### Exercise data
=-=-=
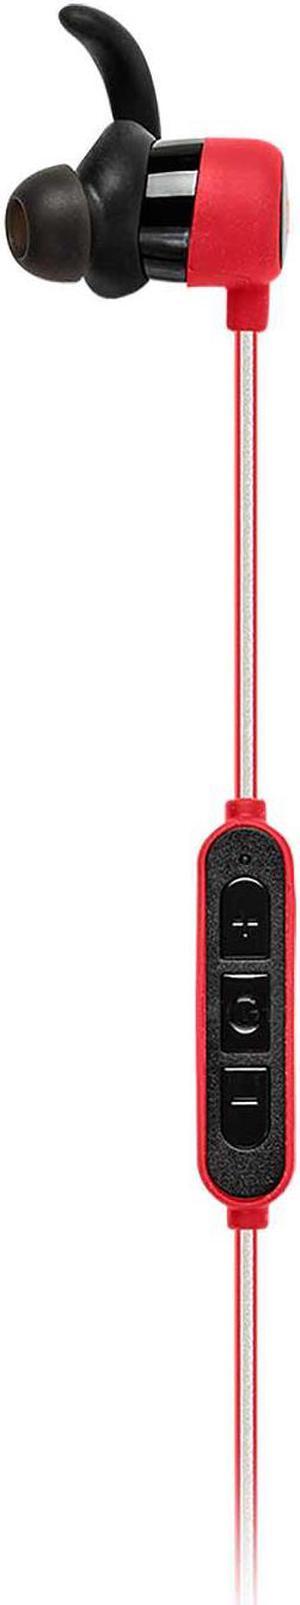 JBL Refect Mini BT InEar Bluetooth Sport Headphones Red
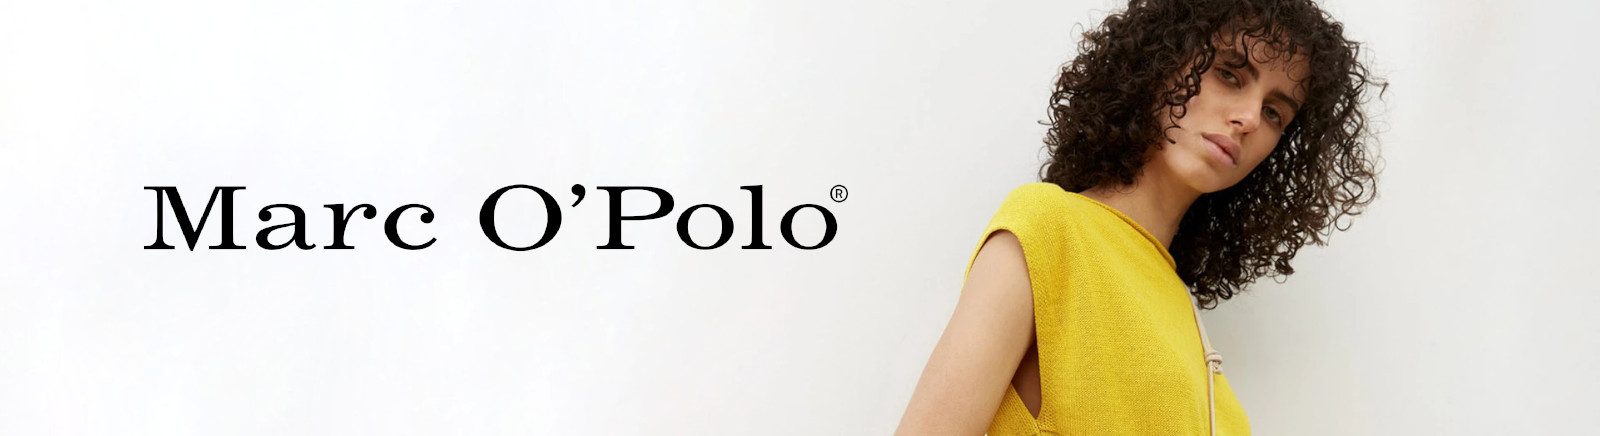 Marc'O Polo Herrenschuhe online entdecken im Juppen Schuhe Shop
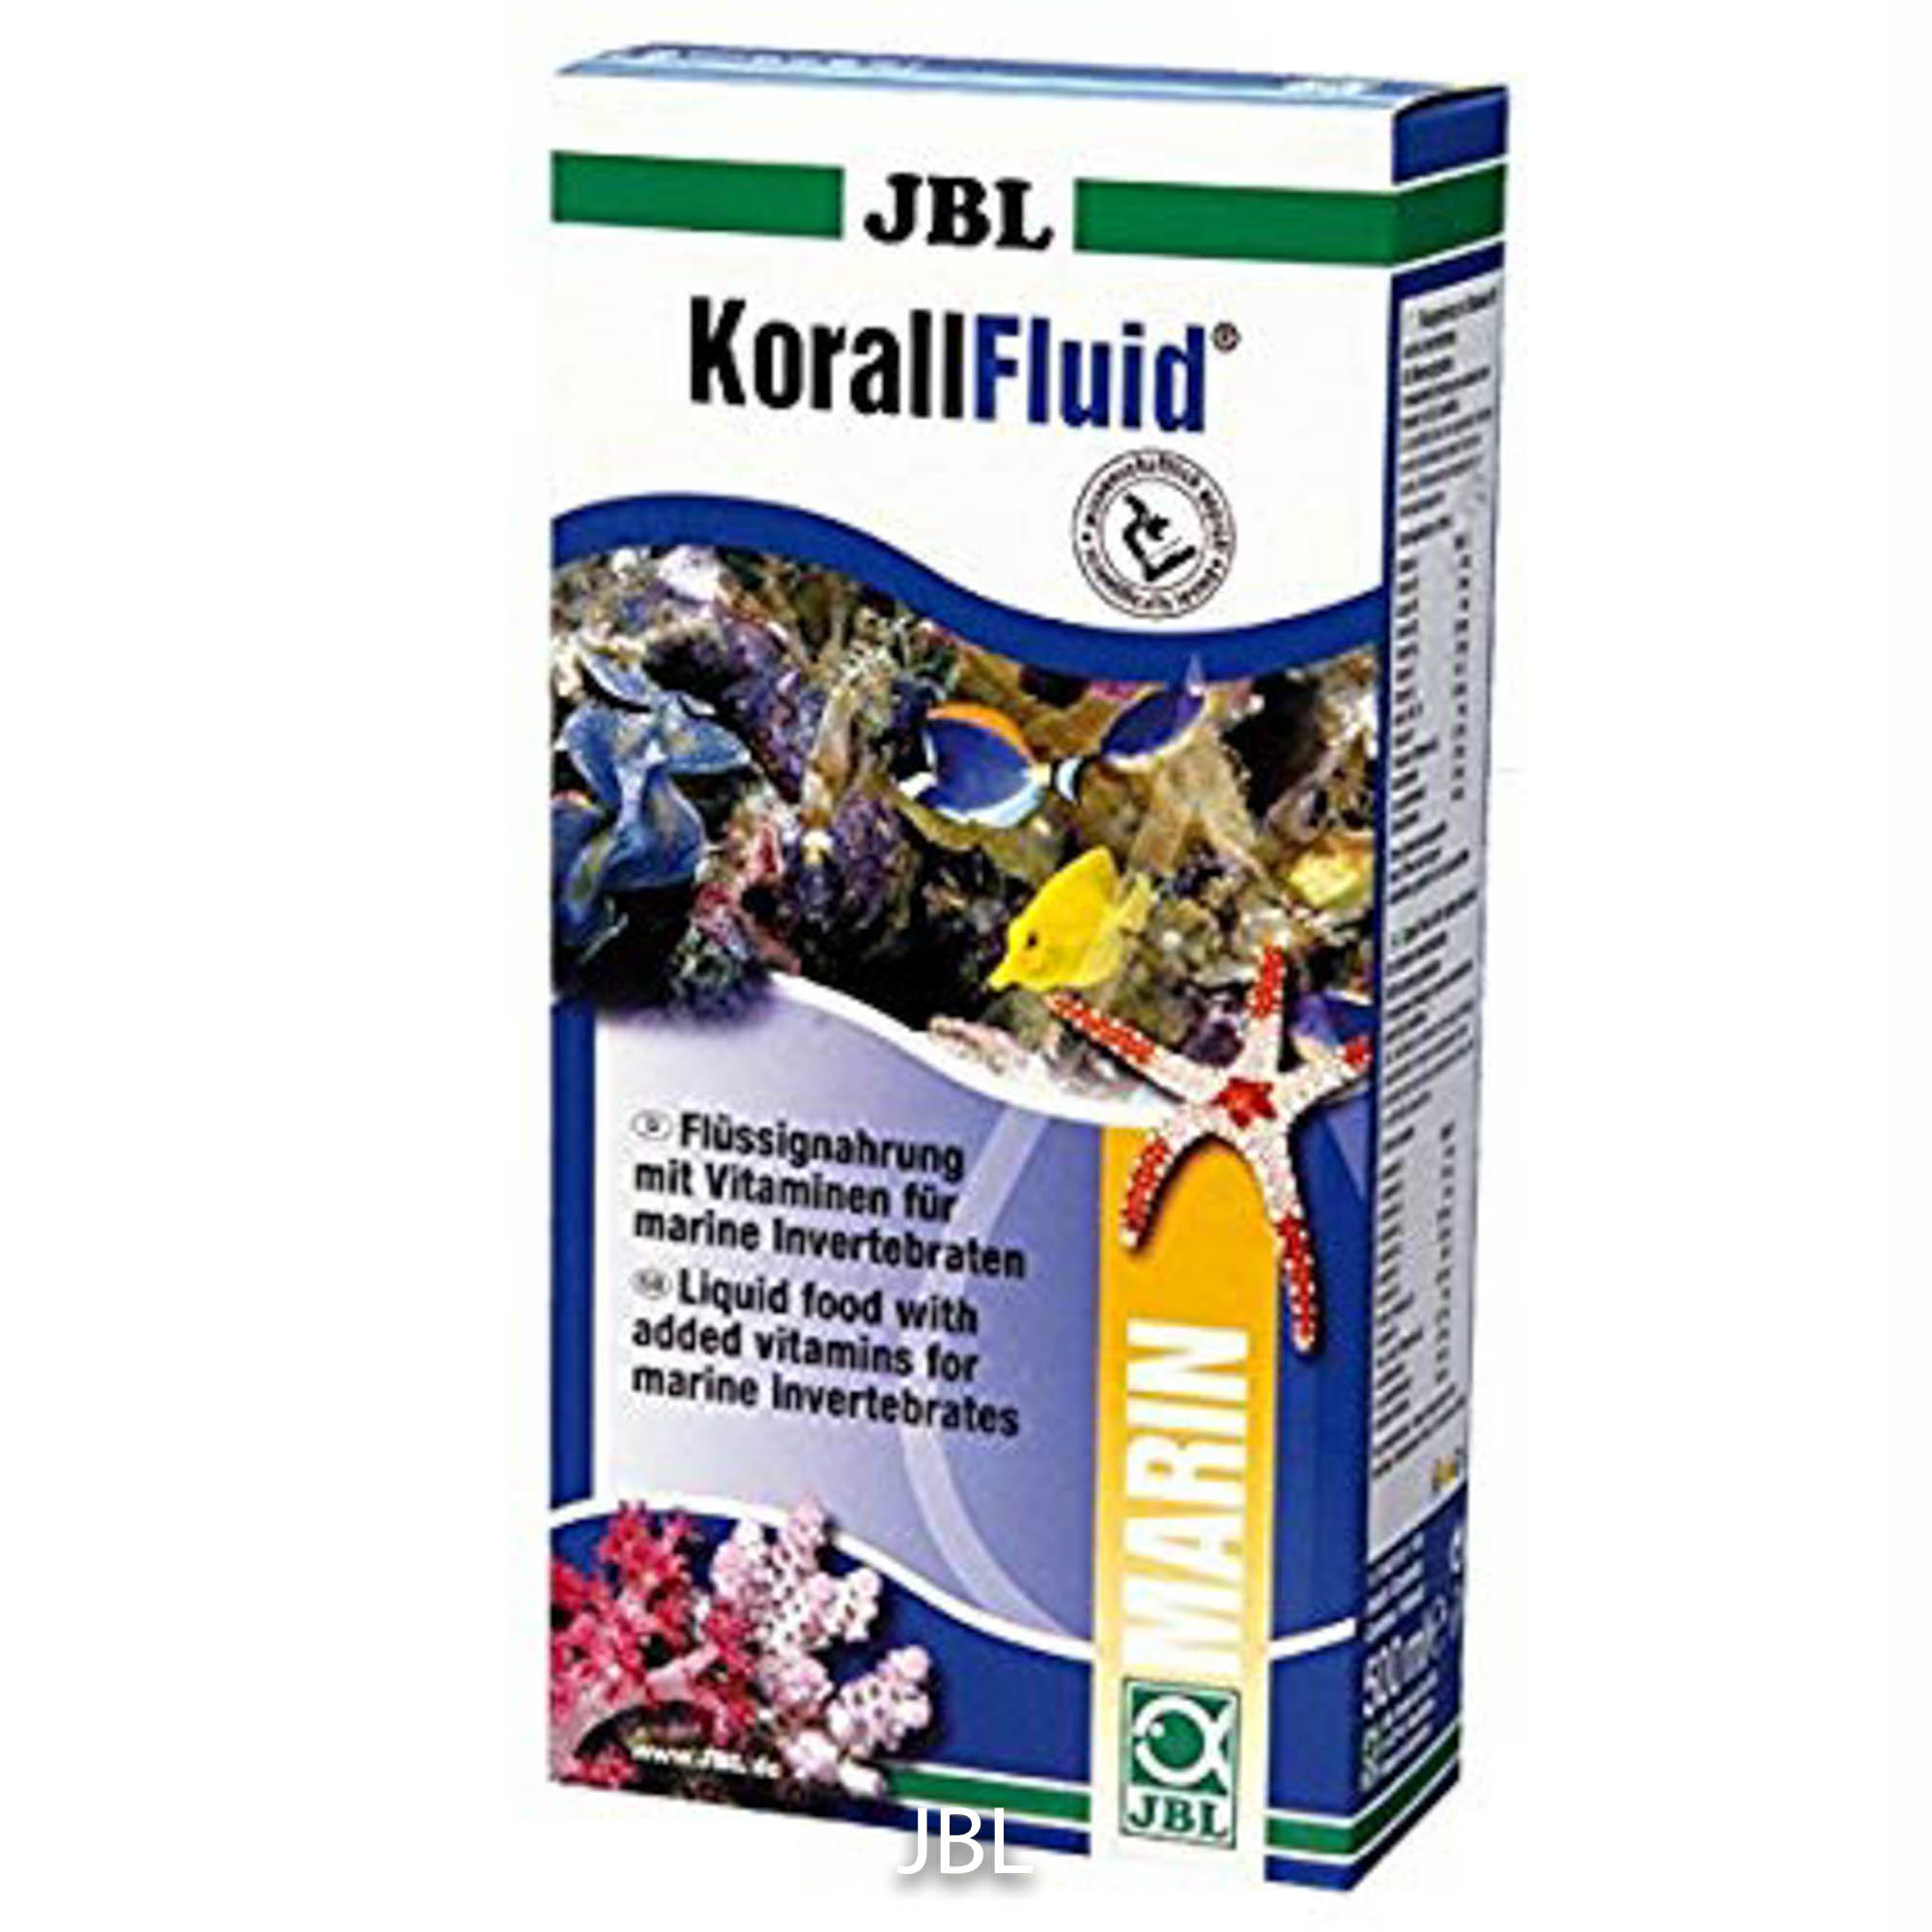    JBL Koral fliud 100  900
=-=-=
### Work to complete
Using the data above, print every line exactly, omitting pictures.

### Exercise result
 JBL Refect Mini BT InEar Bluetooth Sport Headphones Red
 Marc'O Polo Herrenschuhe online entdecken im Juppen Schuhe Shop
    JBL Koral fliud 100  900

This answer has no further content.